UPDATE: Removed: Out of scope.

  • Compressed packages transfer faster
  • Consider compression overhead vs. transfer time
  • Use appropriate compression type for network speed

14. Structured Error System

This section describes the structured error system for compression operations.

14.1 Structured Error System (Compression API)

The NovusPack package compression API uses a comprehensive structured error system that provides better error categorization, context, and debugging capabilities. For complete error system documentation, see Structured Error System.

14.2 Common Compression Error Types

This section describes common compression error types.

14.2.1 Compression Error Types

The NovusPack compression API uses the structured error system with the following error types:

  • ErrTypeCompression: Compression and decompression operation failures
  • ErrTypeValidation: Invalid compression parameters and data validation errors
  • ErrTypeIO: I/O errors during compression operations
  • ErrTypeContext: Context cancellation and timeout errors
  • ErrTypeCorruption: Corrupted compressed data errors
  • ErrTypeUnsupported: Unsupported compression algorithms and features

14.3 Structured Error Examples

This section provides examples of structured errors in compression operations.

14.3.1 Creating Compression Errors

This section describes how to create compression errors.

14.3.1.1 Error Context Type Definitions

This section defines error context type definitions used in compression errors.
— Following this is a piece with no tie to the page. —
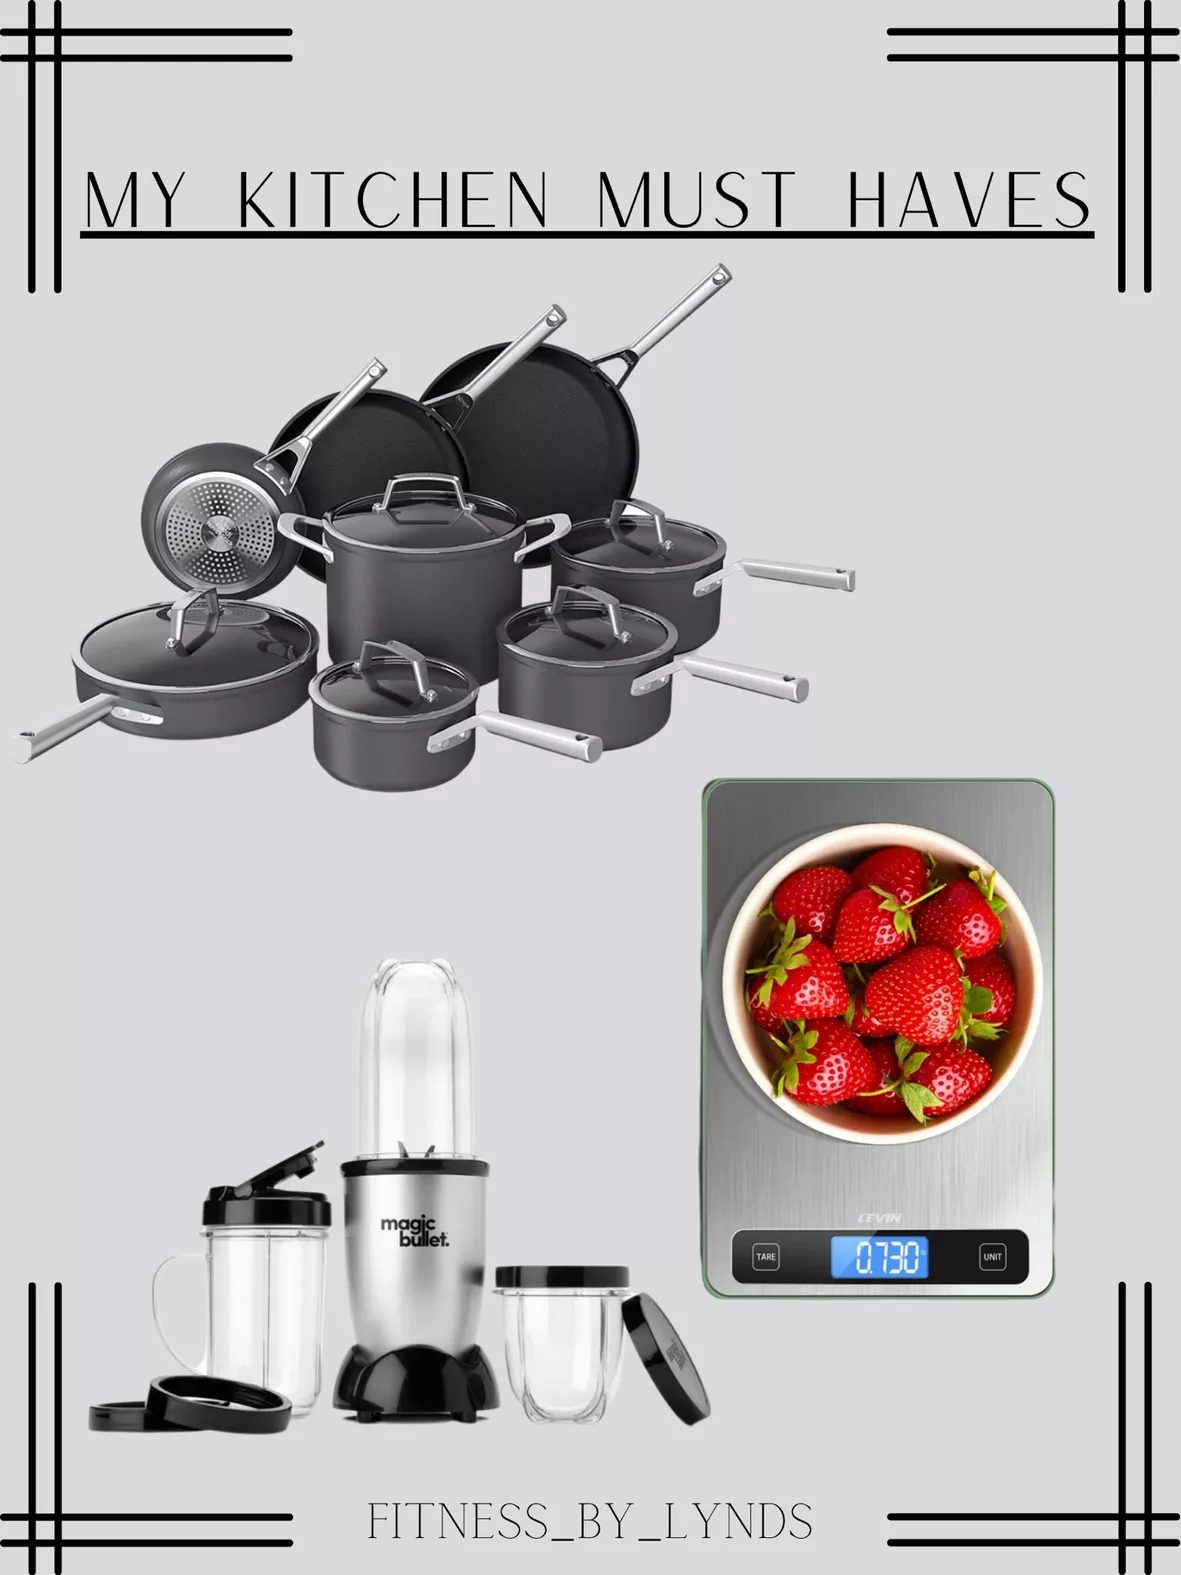 Ninja C39600 Foodi NeverStick 13-Piece Cookware Set
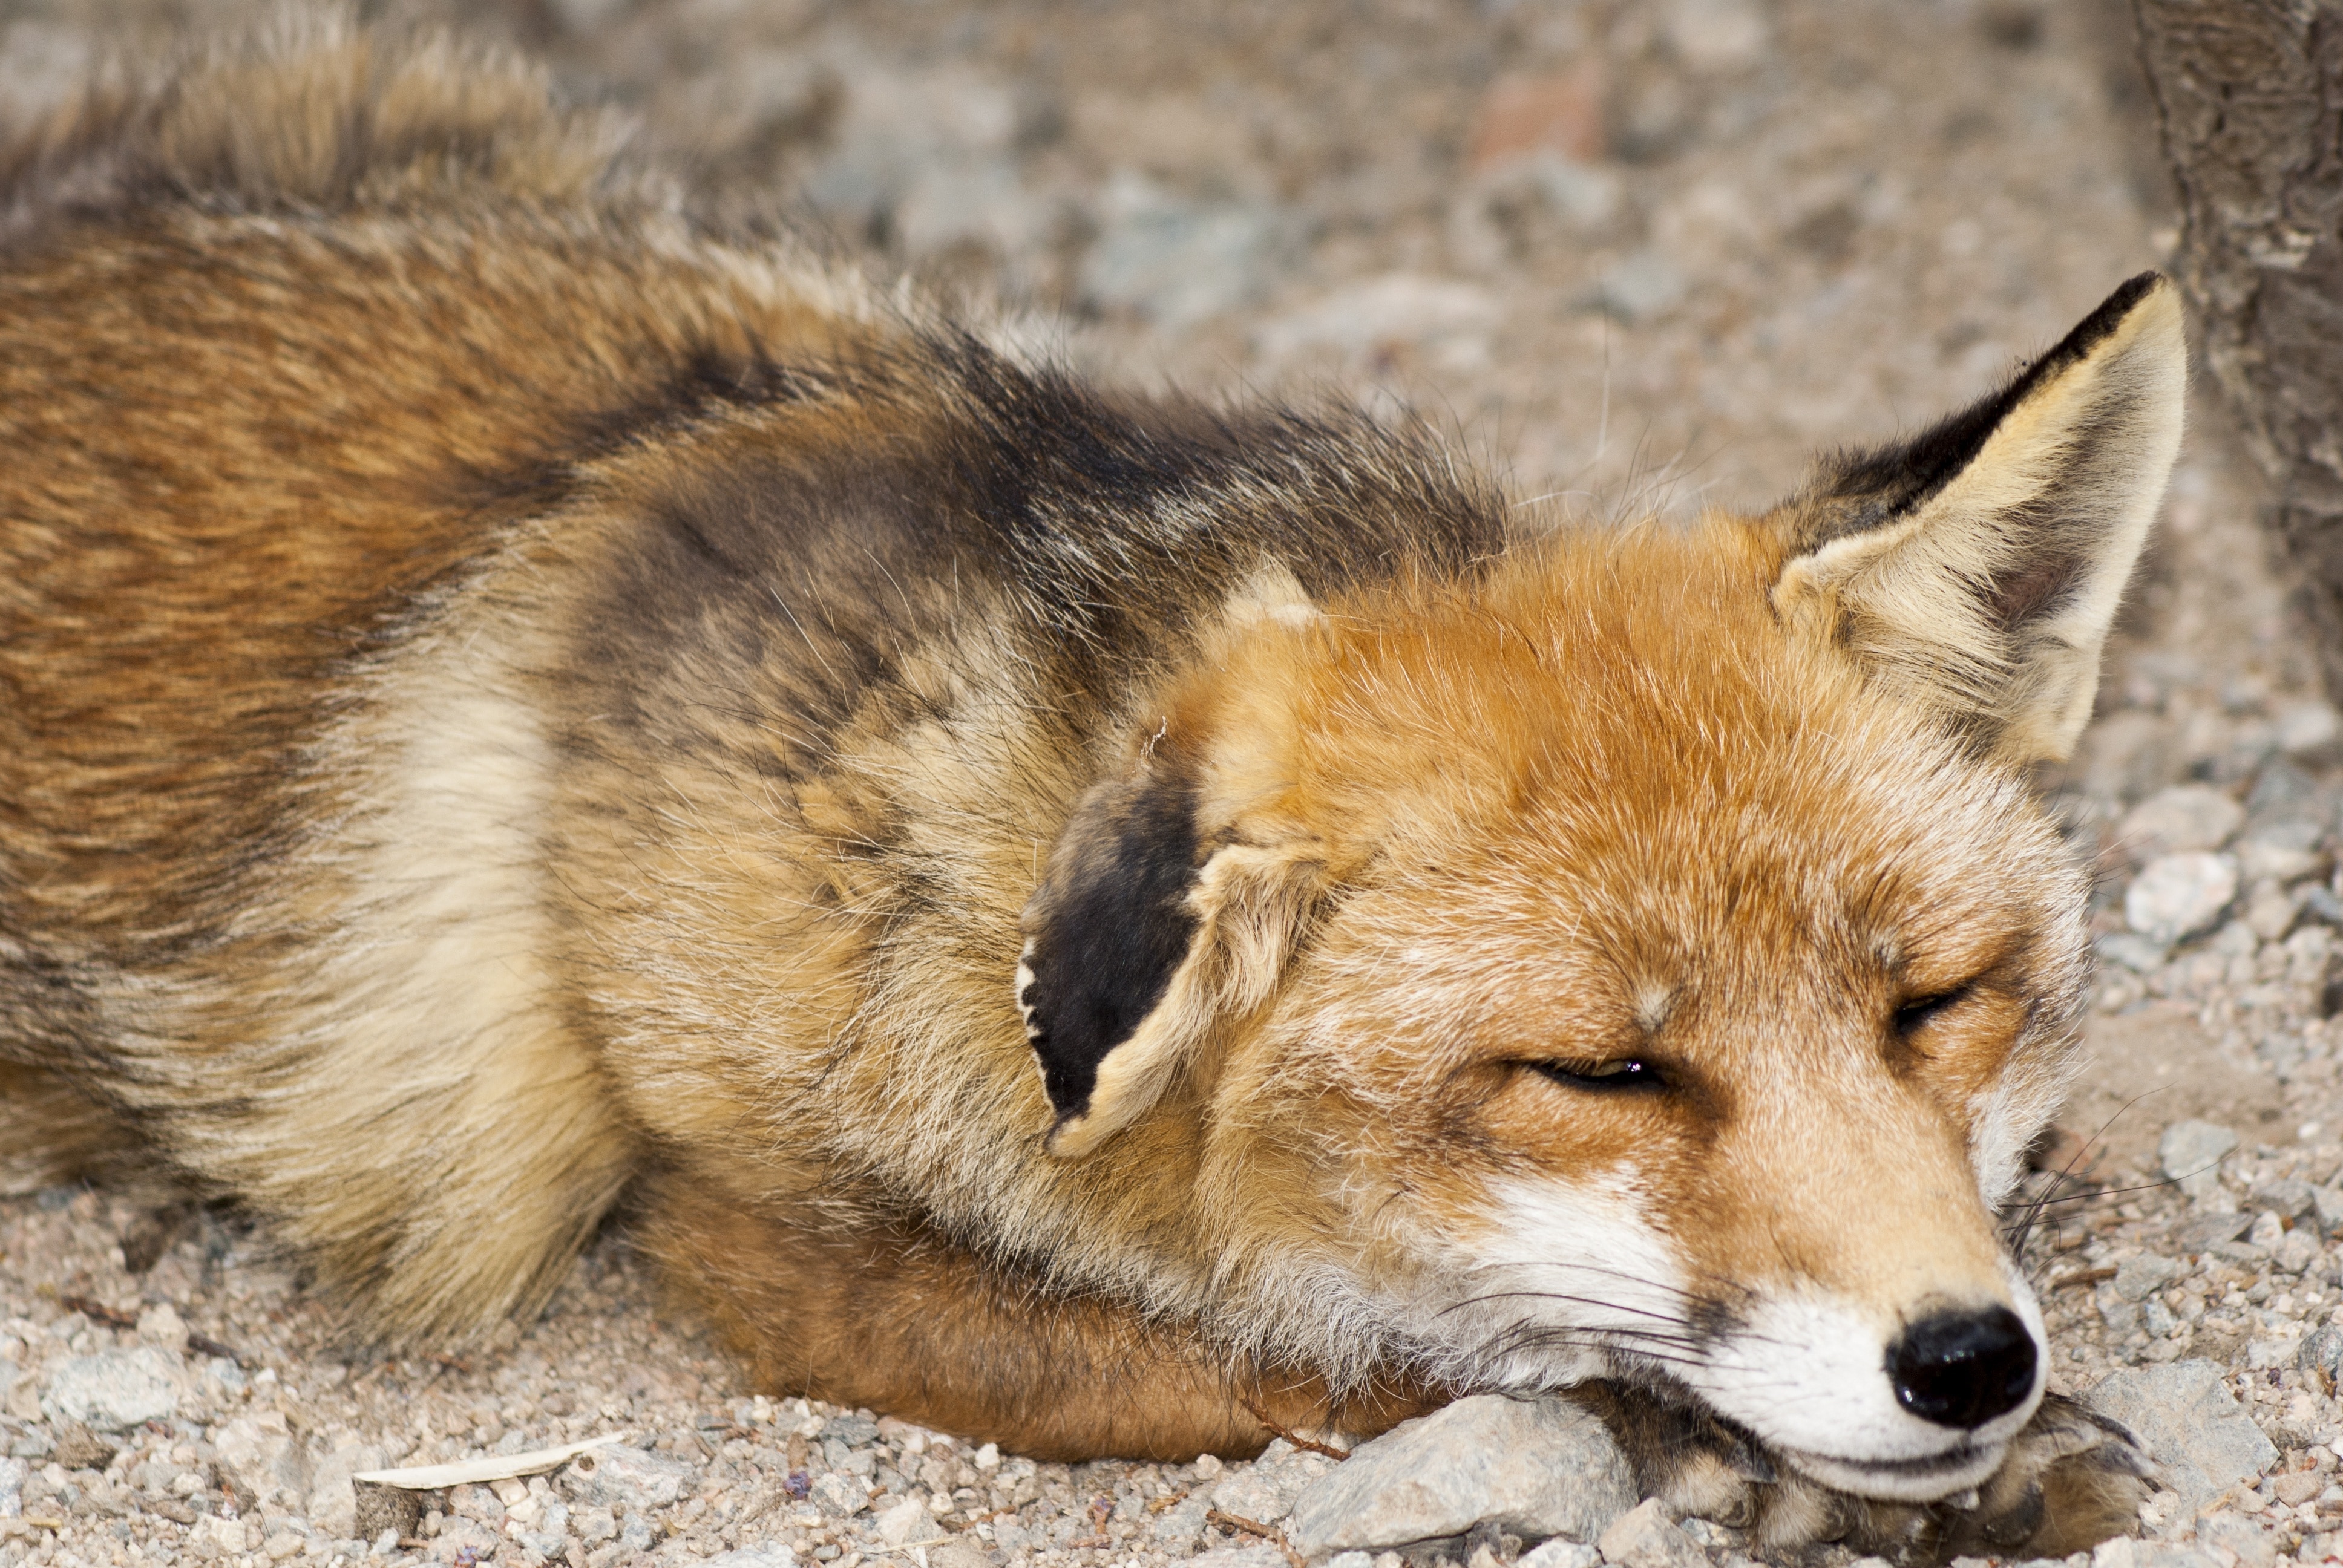 Mammal, Animal, Asleep, Nature, Fox, animal wildlife, one animal

14.3.1.2 CompressionErrorContext Structure
// Define error context types
type CompressionErrorContext struct {
    Algorithm string
    Level     int
    InputSize int64
    Operation string
}
14.3.1.3 UnsupportedCompressionErrorContext Structure
// UnsupportedCompressionErrorContext provides error context for unsupported compression type errors.
type UnsupportedCompressionErrorContext struct {
    CompressionType uint8
    SupportedTypes  []uint8
    Operation       string
}
14.3.1.4 MemoryErrorContext Structure
// MemoryErrorContext provides error context for memory-related compression errors.
type MemoryErrorContext struct {
    RequiredMemory  string
    AvailableMemory string
    Algorithm       string
    Operation       string
}
14.3.1.5 Creating Errors with Context
// Compression failure with typed context
err := NewPackageError(ErrTypeCompression, "compression failed", nil, CompressionErrorContext{
    Algorithm: "Zstd",
    Level:     6,
    InputSize: 1024 * 1024,
    Operation: "CompressPackage",
})

// Unsupported compression type with typed context
err := NewPackageError(ErrTypeUnsupported, "unsupported compression type", nil, UnsupportedCompressionErrorContext{
    CompressionType: 99,
    SupportedTypes:  []uint8{0, 1, 2, 3},
    Operation:       "SetCompressionType",
})

// Memory error with typed context
err := NewPackageError(ErrTypeIO, "insufficient memory", nil, MemoryErrorContext{
    RequiredMemory:  "512MB",
    AvailableMemory: "256MB",
    Algorithm:       "LZMA",
    Operation:       "CompressPackage",
})

14.3.2 Error Handling Patterns

Use the structured error system to handle compression errors appropriately.

Check error types and extract context information for proper error handling and logging.

Handle different error categories (compression, I/O, context) with appropriate responses.